What’s not clear is what waters are to be included. That job has been left to the Army Corps of Engineers and the Environmental Protection Agency (EPA).
The battle to control the navigable waters made waves in 2015 when then President Obama’s administration revised the “waters of the United States” rules.
President Obama’s revision to the CWA was labeled the Clean Water Rule.
Members of the farming industry opposed changes, while environmental groups backed the revisions by Obama.
Kristine Tidgren, Center for Agricultural Law and Taxation (CALT), says that these court fights over “waters of the U.S.” have gone on too long.
The Clean Water Rule was thought by states, agricultural, and industry members to be overbroad.

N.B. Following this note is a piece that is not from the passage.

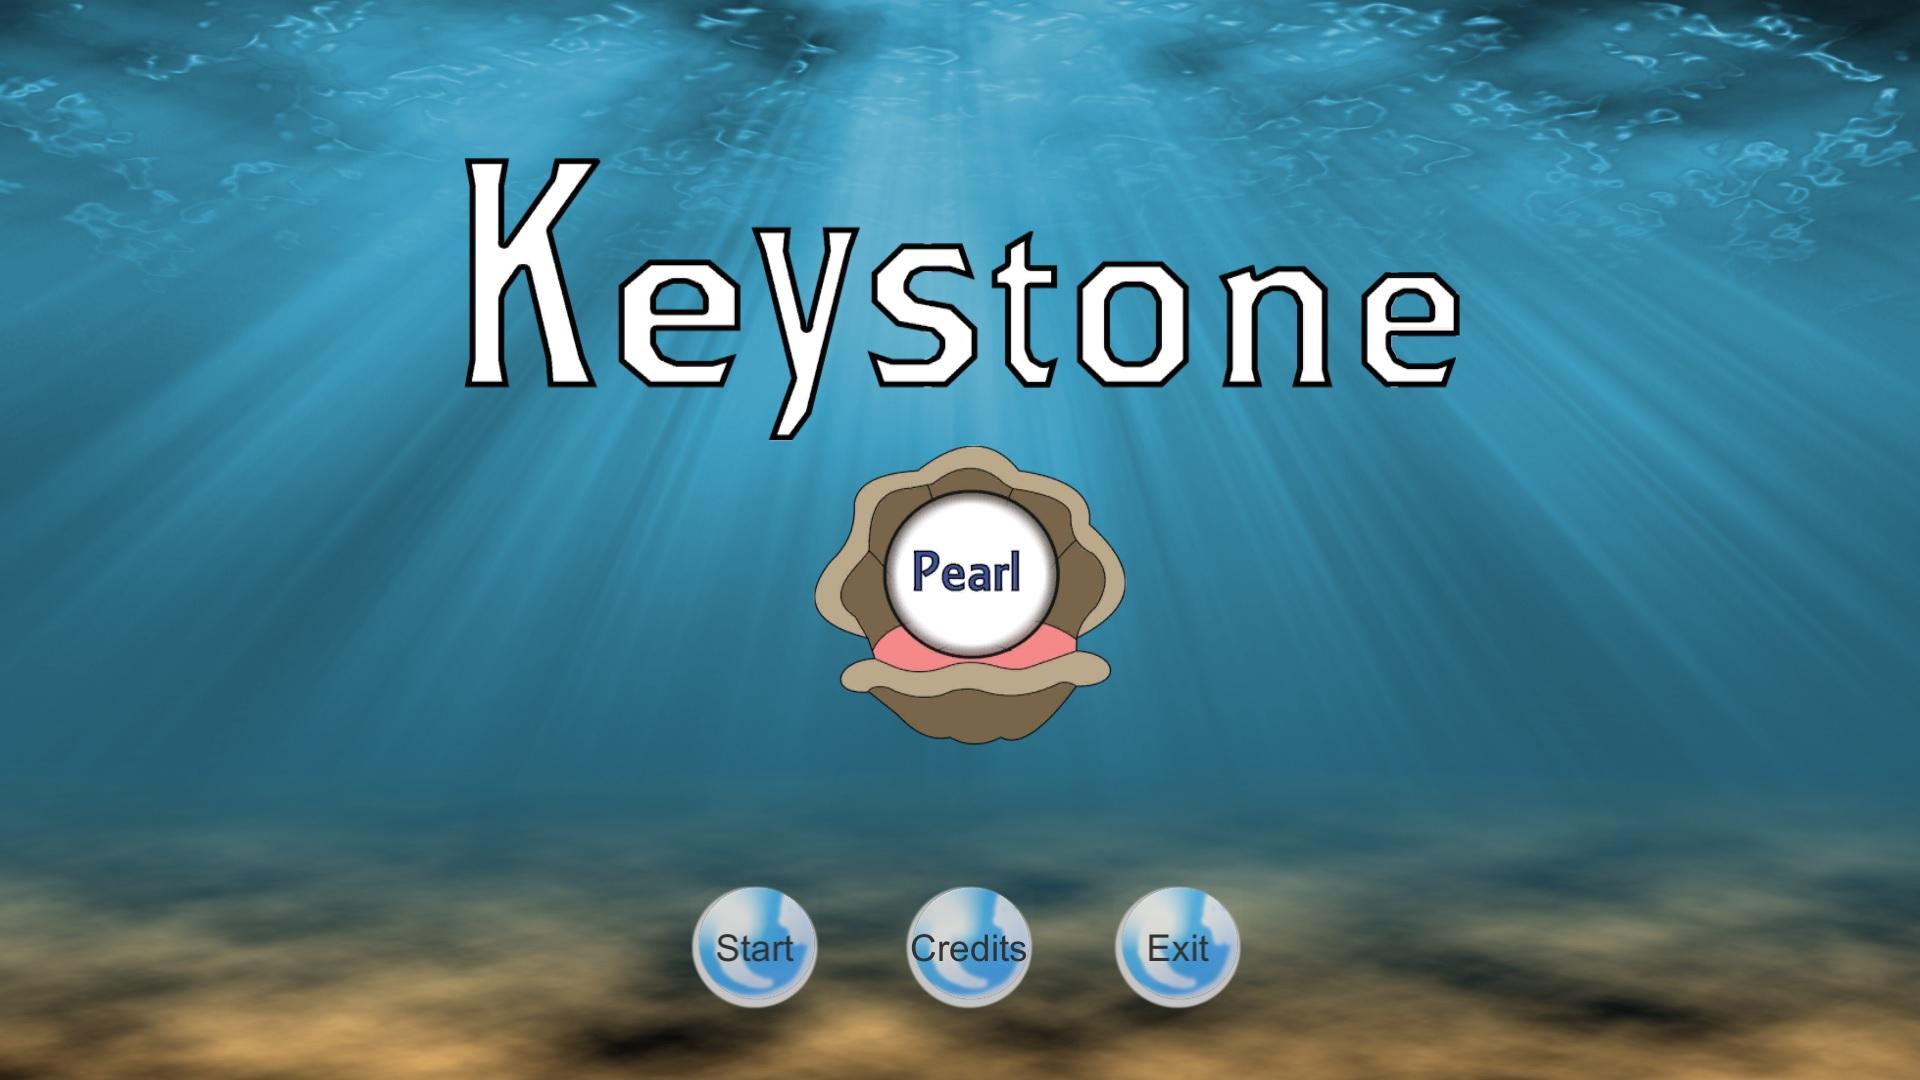 Keystone Pearl

“Specifically, the way that 2015 rule defined tributaries and adjacent waters did not set clear limits. It created a new definition called neighboring waters. These new waters could be read to include wetlands that had not been regulated before. And it would include jurisdiction over ephemeral bodies that don’t have water in them most of the time. A big concern was that it expanded the definition of regulated wetlands,” Tidgren says.
In addition, the 2015 Rule was opposed by over half of the U.S. states, as they demanded to have jurisdiction over their own bodies of water and not the federal government.

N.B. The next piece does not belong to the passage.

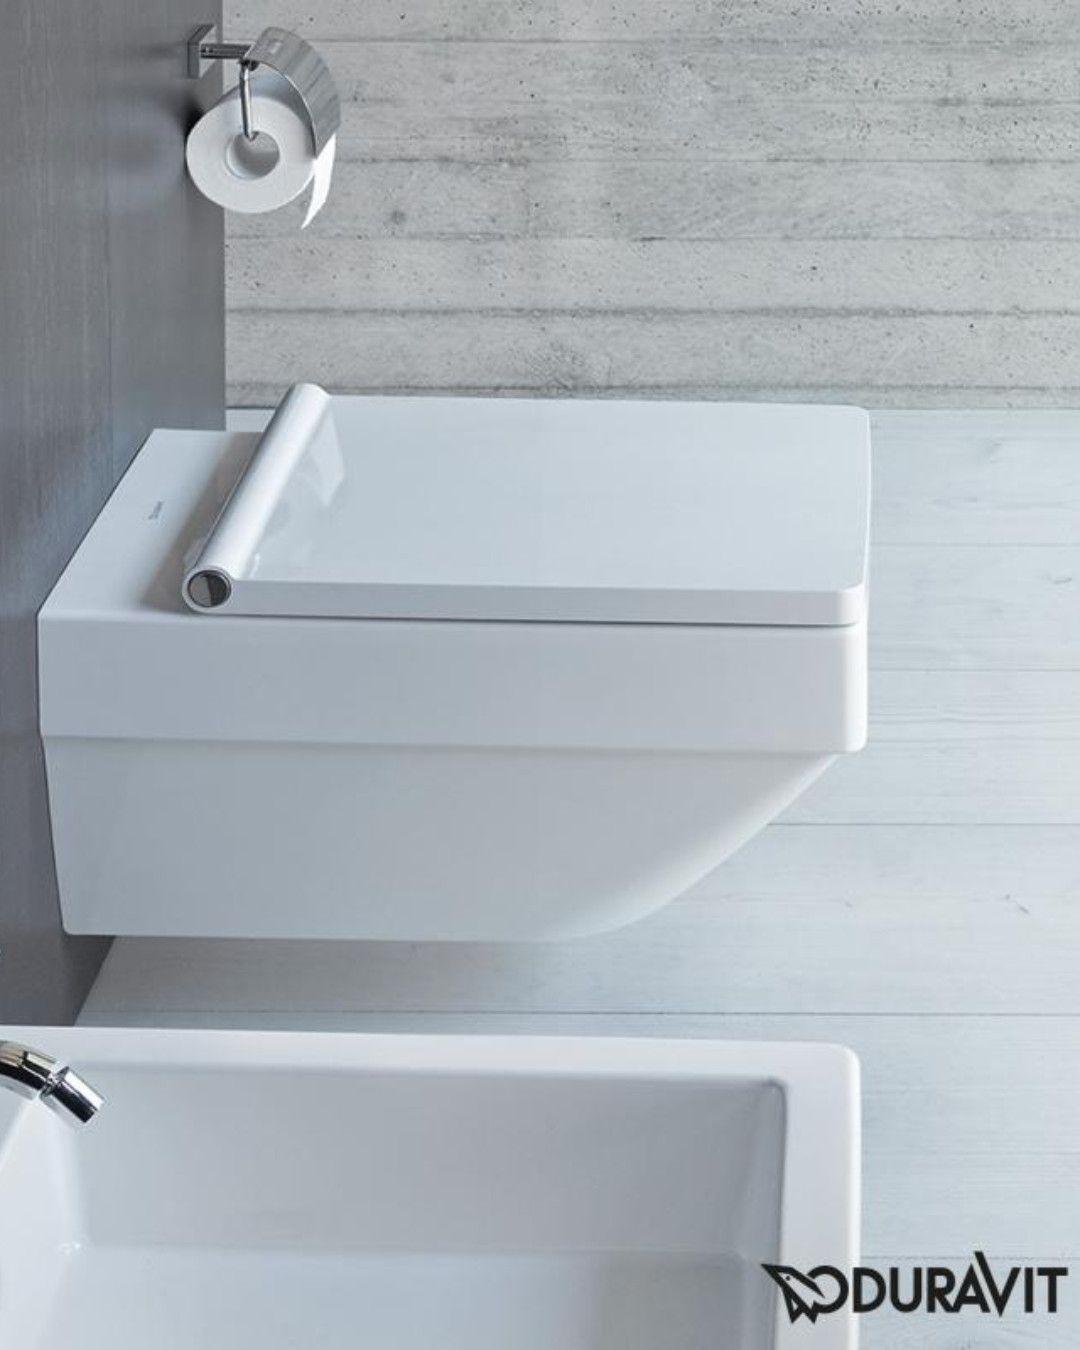 Duravit Vero Air Freuen Sie Sich Bei Diesem Wand Tiefspul Wc Auf Eine Aussergewohnliche Optik Und Ein Hohes Mass An Hygiene Fur Ihr Bad Duravit Stand Wc Wc Sitz

For the record, here is how the EPA defines WOTUS: The “Waters of the United States” means the territorial seas, and waters which are currently used, or were used in the past, or may be susceptible to use in interstate or foreign commerce, including waters which are subject to the ebb and flow of the tide, according to the Environmental Protection Agency (EPA). This includes tributaries, lakes, and ponds, and impoundments of jurisdictional waters and adjacent wetlands.
The following are not “waters of the United States”: Artificially irrigated areas, including fields flooded for agricultural production, that would revert to upland should application of irrigation water to that area cease;
artificial lakes and ponds, including water storage reservoirs and farm, irrigation, stock watering, and log cleaning ponds, constructed or excavated in upland or in non-jurisdictional waters, so long as those artificial lakes and ponds are not impoundments of jurisdictional waters, according to EPA documents.
In 2017, then President Trump took action to repeal and replace Obama’s 2015 Rule.
Trump’s executive order stated, “It is in the national interest to ensure that the Nation’s navigable waters are kept free from pollution, while at the same time promoting economic growth, minimizing regulatory uncertainty, and showing due regard for the roles of the Congress and the States under the Constitution,” according to EPA documents.
The executive order directed the EPA and the Army to review the 2015 rule for consistency with the policy outlined in Section 1 of the order and to issue a proposed rule rescinding or revising the 2015 rule as appropriate and consistent with law. The executive order also directed the agencies to ‘‘consider interpreting the term navigable waters,” according to EPA.
More recently, on April 21, 2020, EPA and the Department of the Army (Army) published the NWPR in the Federal Register to finalize a revised definition of “waters of the United States” under the Clean Water Act. The rule became effective on June 22, 2020, and is currently being implemented by EPA and the Army across the country, according to EPA documents.
Until President Biden can create a new rule, the EPA and Army will use the pre-2015 rules, informed by the significant nexus test to determine if waters can be regulated under the Clean Water Act.
The significant nexus test requires a determination of whether wetlands or waters bear a significant nexus to traditional navigable waters. If so, they are jurisdictional. The test is difficult because it requires a case-by-case analysis.
Tidgren explains that the Clean Water Act has seen non-stop litigation since 2015, regarding the definition of the “waters of the U.S.”
“This has created much uncertainty for agriculture and industry. A consistent rule, left in place, would be helpful. The constant shifting makes it really difficult to know how to use your land,” Tidgren says.